Alvarado stresses that the strategy that he had originally discussed with Litt was strictly a management-friendly approach, where the two parties would work with a REIT’s senior executives to improve the underlying value of the company, not seek to replace its board or pursue a proxy contest. Shareholder activism, however, often has taken on a negative connotation because of its association with hostile takeovers.

“The part where it gets difficult for an institution is what I would call optic risk associated with activist strategies,” he says. “We’re a public company, do we want to see ourselves as being on the activist side in terms of going after what we consider mismanaged REITs?”

Meanwhile, Litt views activism as “any situation where we’re involved with management and engaged with them to discuss ways to maximize shareholder value.” He says that he tries to work with management on an amicable basis, and that the majority of the time, the senior executives at a REIT are receptive to ideas from their shareholders. 

This year, however, Land and Buildings has taken a more aggressive stance as an activist, and launched proxy campaigns to replace directors on the boards of Associated Estates; shopping mall REIT Macerich; and MGM Resorts International.

The activist/PE divide

Litt believes that most private institutions that are seeking to buy real estate only want to do so on a friendly basis with public companies. Such investors therefore will go after a REIT only when a company has been put up for sale.  “There’s very little appetite to do anything that’s perceived to be hostile,” he says.

Some private equity real estate firms aren’t interested in becoming activists in the REIT space, given that the two groups usually have different investment objectives. “The role of an activist is clamoring for change in the public sense,” says Sullivan. “Private equity shops do work behind the scenes.” However, private equity firms, such as Brookfield in the Associated Estates deal, “can be the beneficiary of activists stirring the pot.”

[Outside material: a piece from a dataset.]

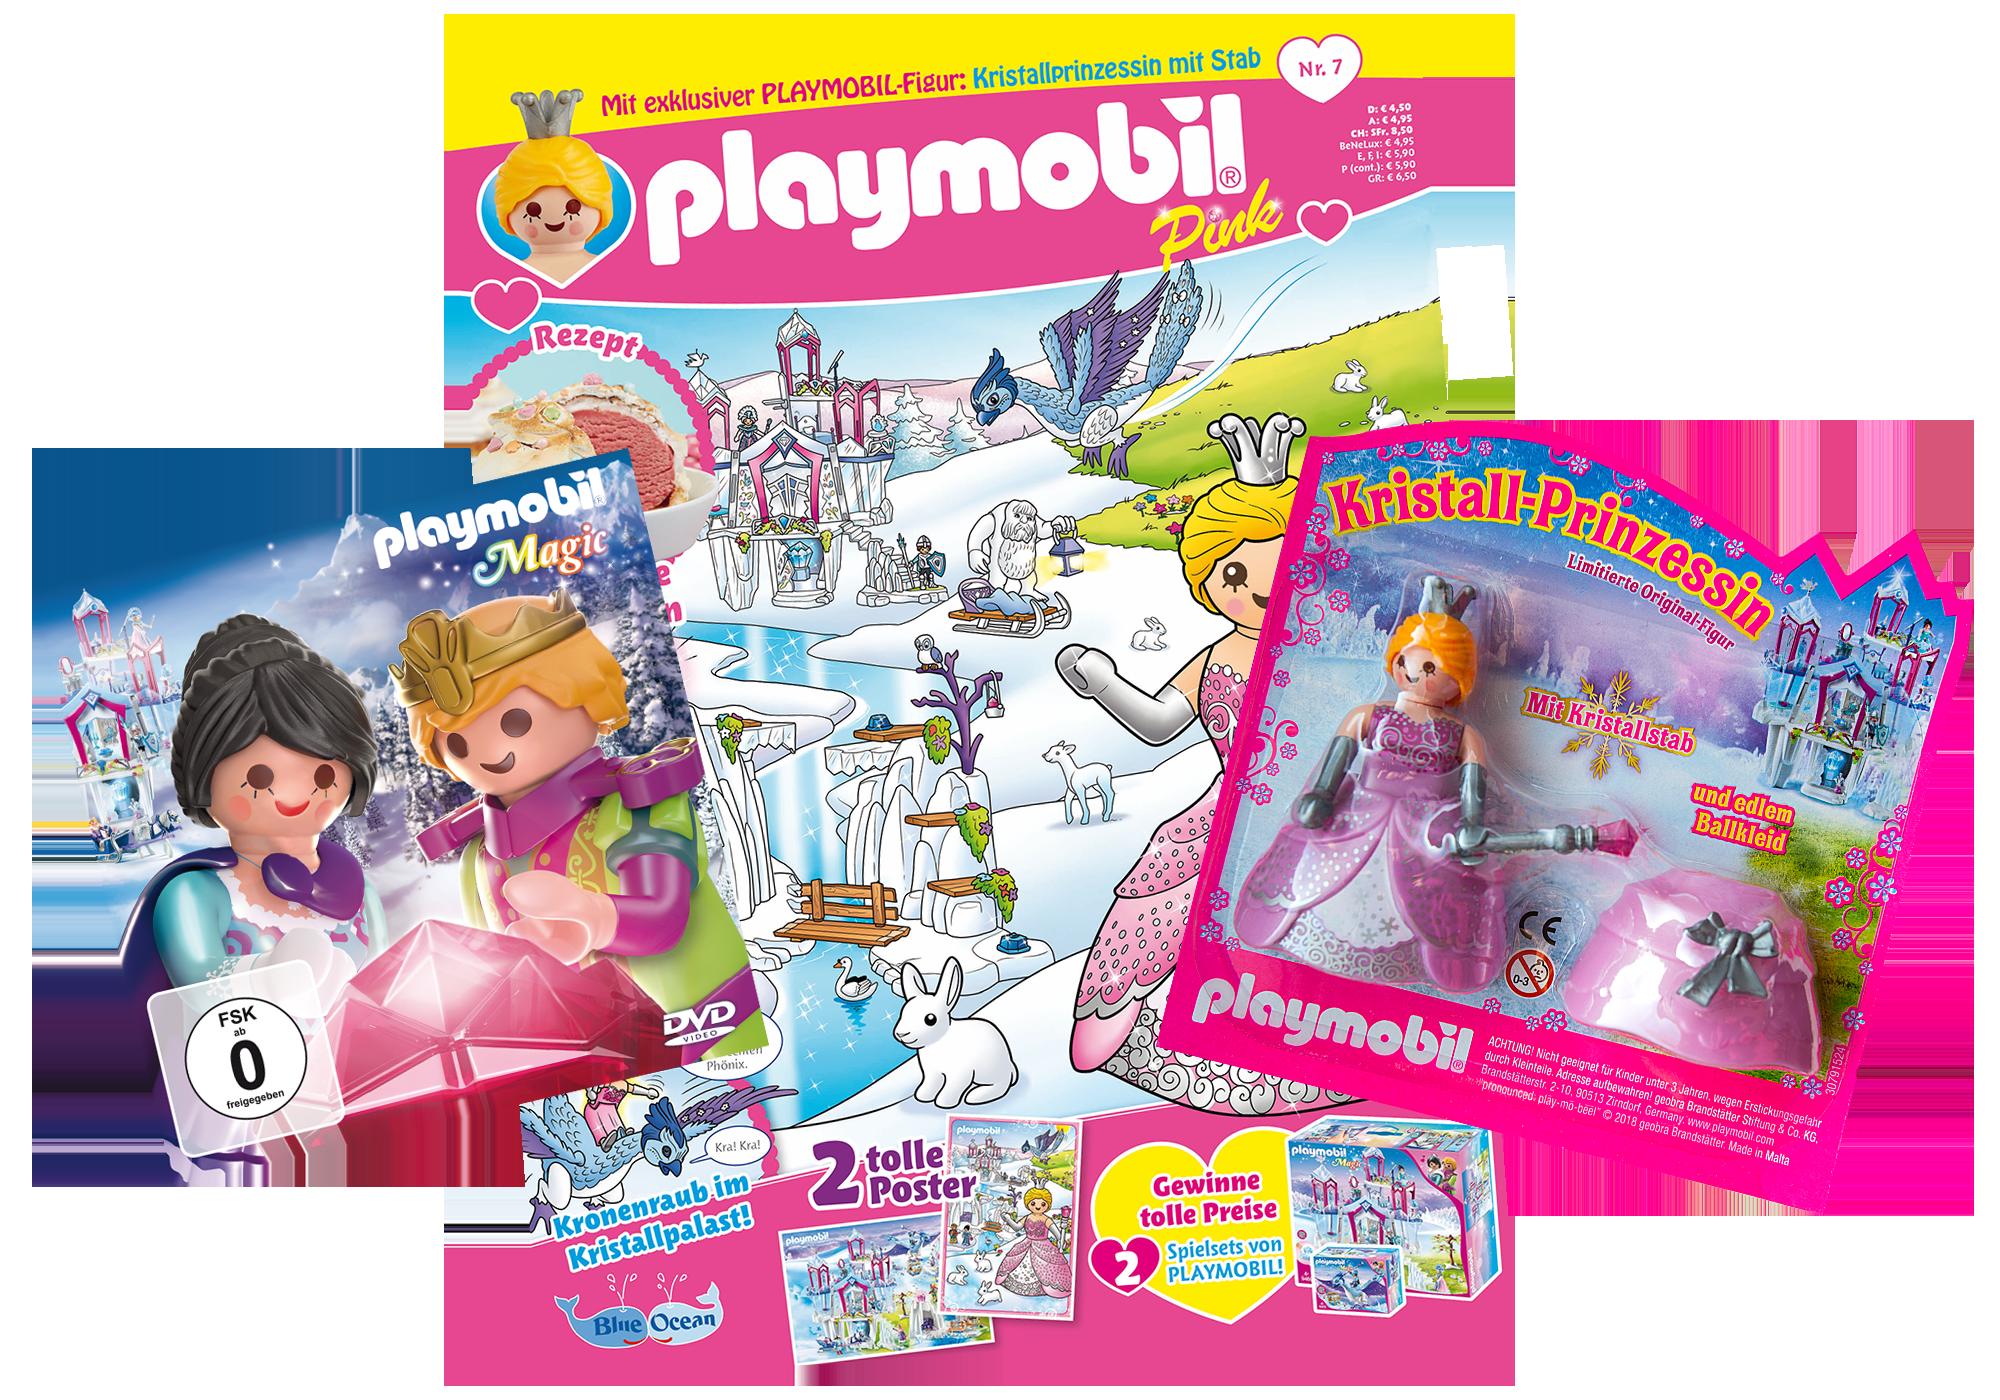 http://media.playmobil.com/i/playmobil/80614_product_detail

Activists, moreover, typically want the REITs to remain public, while private equity real estate firms seek to take those companies private. “I think the control issue is really what will drive private equity shops,” says Alvarado. “With an activist strategy, there’s a lot of rules and regulations that you’ve got to follow, and it’s not easy to battle management. So why battle management? It’s easier just to buy the whole company.”

Alvarado believes that the public REIT market is in the early stages of another cycle of merger and acquisitions activity, similar to the 2004 to 2007 period where there was a wave of M&A transactions – including those driven by private equity firms. Indeed, The Blackstone Group is said to be looking at deploying capital from its $15 billion global property fund in public-to-private transactions while Lone Star Funds reportedly is in advanced discussions to acquire Home Properties, a Rochester, New York-based apartment REIT.

In the years just prior to the crash, “private valuations were very high, and there was lots of competitive capital, and so people were starting to look at the public space as a way to put money to work and maybe unlock some discounts to real estate valuations,” he says. “It seems very similar to where we’re at today.”